En realidad ningún presidente depuesto ha sido retornado al cargo por presión internacional. Jean Bertrand Aristide regresó a su cargo en Haití en 1994 después de su derrocamiento en 1991, solamente con una invasión militar encabezada por Estados Unidos. Según Shifter, la suspensión de Honduras acordada por la OEA parecía una medida "muy drástica y precipitada" que incitaba al gobierno interino de Honduras a aferrarse más al poder.
"Qué hacer con Zelaya sigue siendo un punto críticamente clave de cualquier negociación", dijo a la AP. "Por razones de principio y simbolismo, pareciera bueno para él retornar, pero las preocupaciones de posible intranquilidad en Honduras tienen también que ser tomadas en cuenta".
El canciller brasileño Celso Amorim discrepa. Cree que las acciones de la OEA, más las del Banco Mundial y Banco Interamericano de Desarrollo, de suspender los créditos a Honduras y congelar sus actuales programas de más de 400 millones de dólares en total, difícilmente serán resistidas por el gobierno de Micheletti. "Sin esa ayuda económica y sin petróleo este régimen golpista no va a durar mucho", dijo a reporteros en París, donde está de visita oficial.

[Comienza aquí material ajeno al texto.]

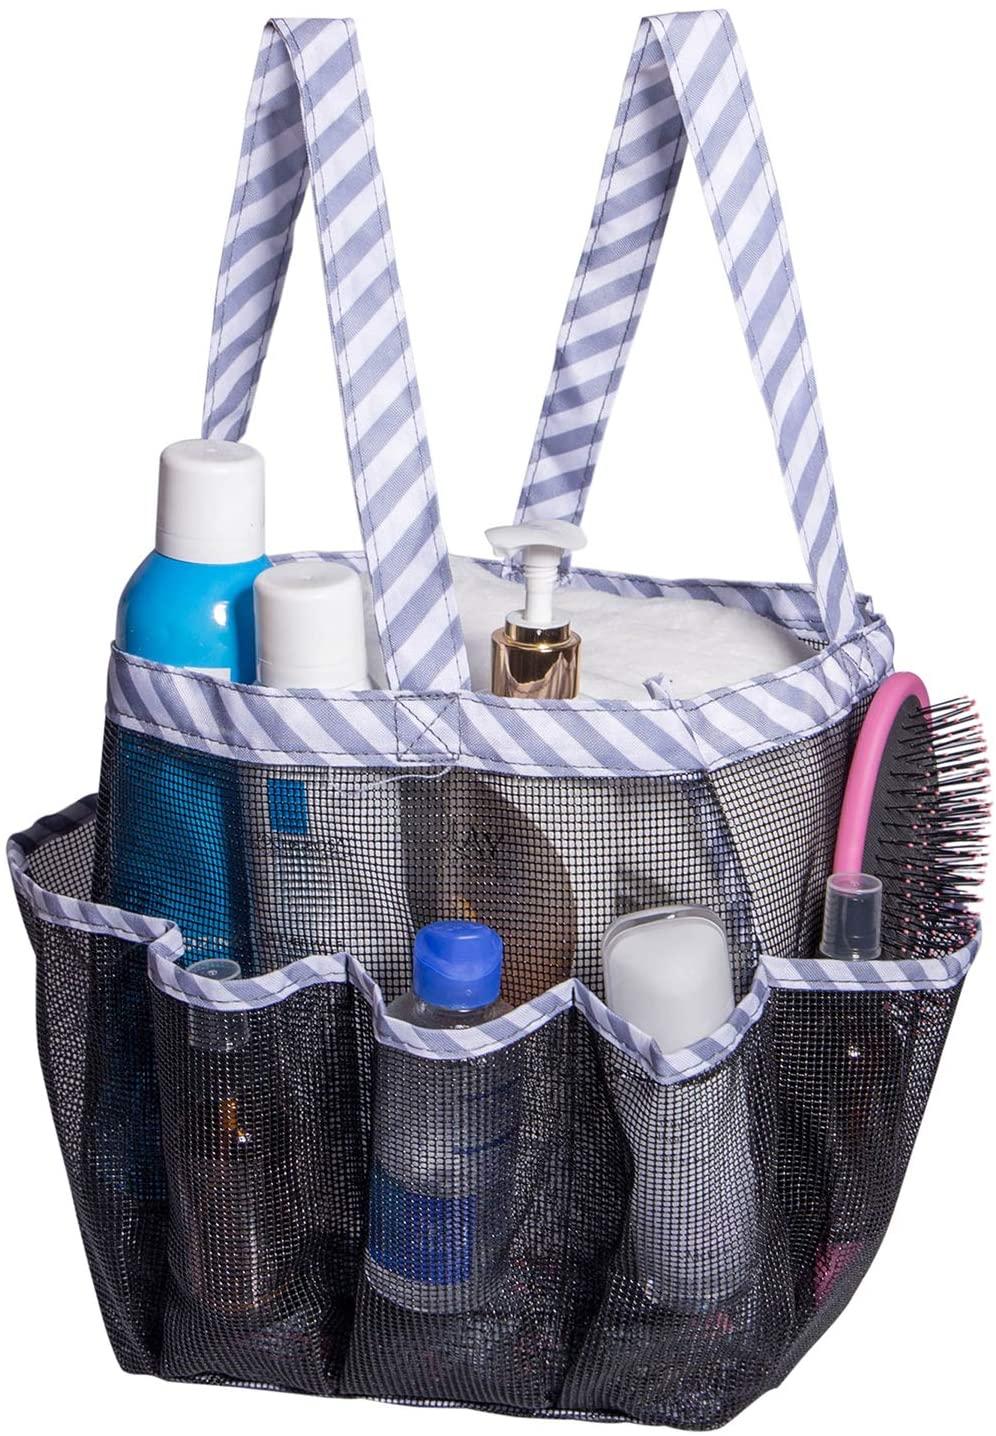 Attmu Portable Mesh Shower Caddy, College Dorm Essentials Bathroom Tote Bag
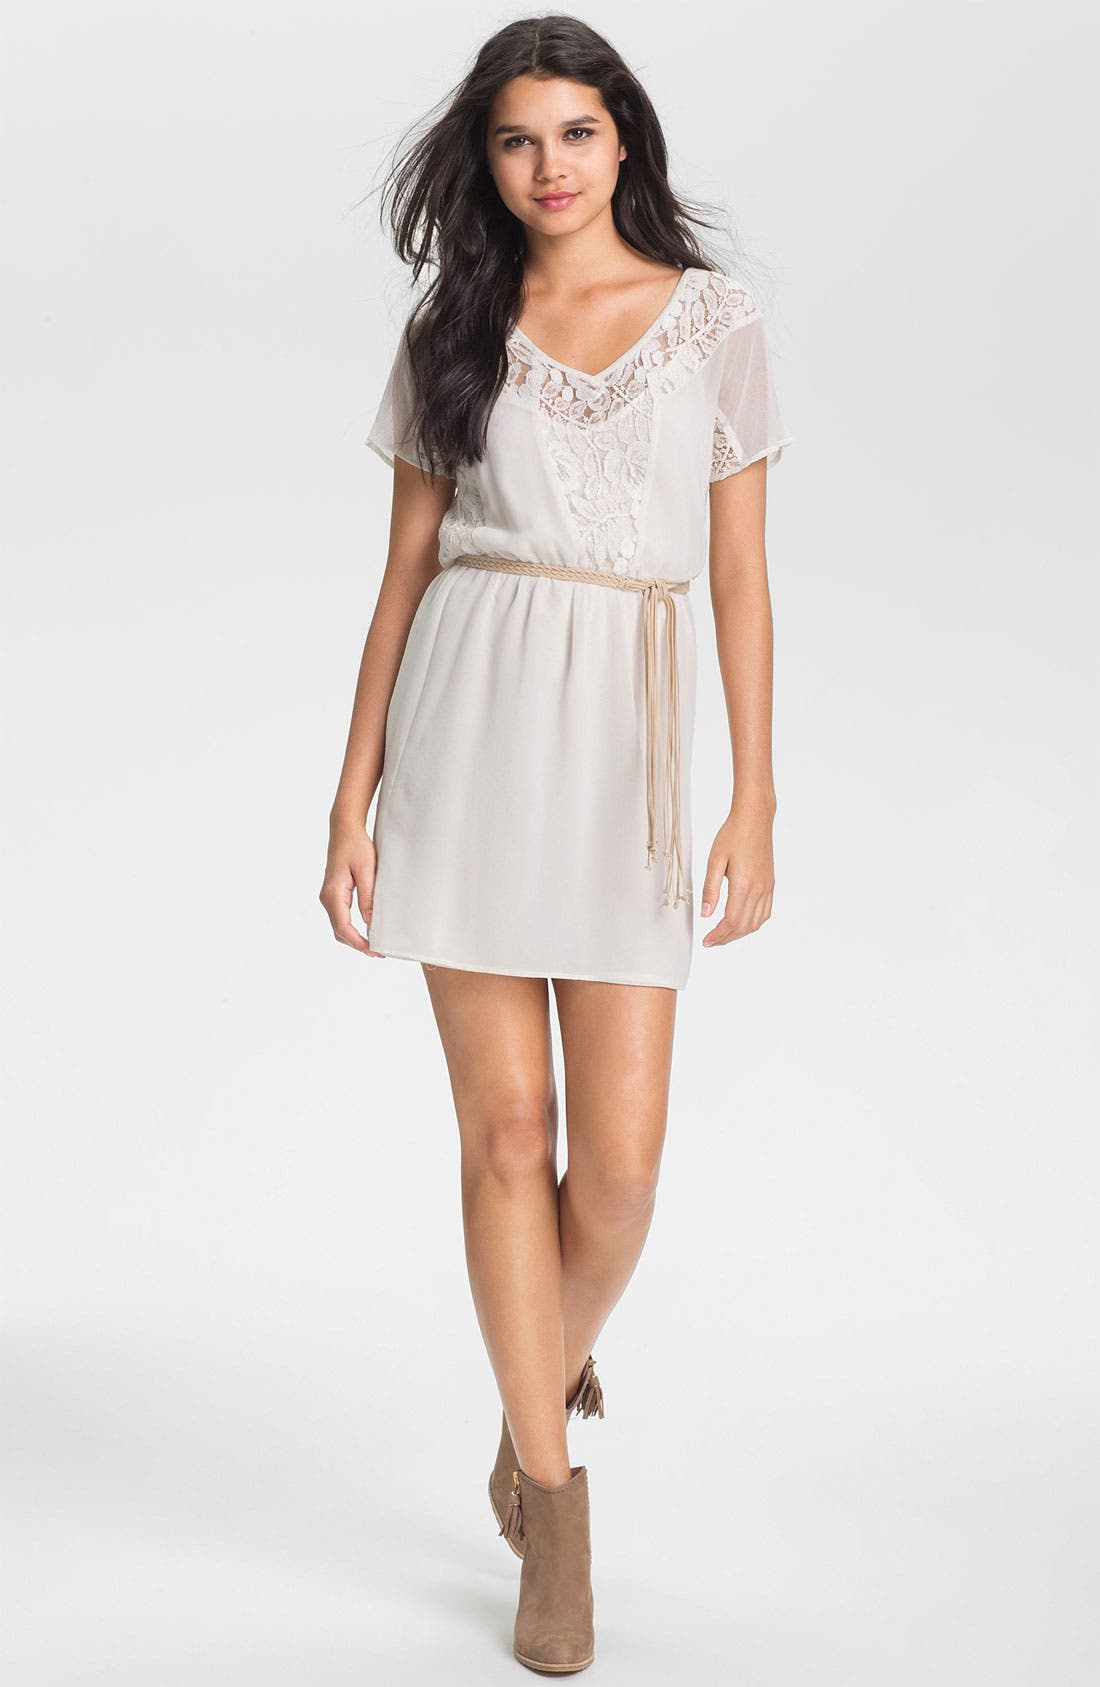 Main Image - Sanctuary Braided Belt Lace Trim Dress

La forma en que Obama ha tomado las manifestaciones violentas en favor de Zelaya en Honduras preocupa igualmente a Mark Weisbrot, codirector del Centro para la Investigación Económica y Política (Center for Economic and Policy Research). "El gobierno de Obama ha permanecido en silencio frente a la violenta represión en Honduras, incluyendo los disparos de militares y la muerte de manifestantes desarmados y la censura de la prensa", dijo. "Este silencio ha ayudado al gobierno golpista a ver una prolongada expectativa de vida".
Durante el debate de la OEA el sábado 4 de julio, día de la independencia de Estados Unidos, la delegación estadounidense mantuvo un perfil discreto y su intervención fue más bien protocolar. Pero el vicecanciller canadiense Peter Kent repitió lo que ha estado diciendo en días previos sobre los hechos en Honduras, al insinuar indirectamente que Zelaya no era tampoco un santo. Si bien el golpe era en sí "una afrenta" para la región, donde hasta el 28 de junio todos los países excepto Cuba tenían gobiernos elegidos en libertad, existía también "un contexto en el cual ocurrieron los acontecimientos" que no debiera ser ignorado, dijo.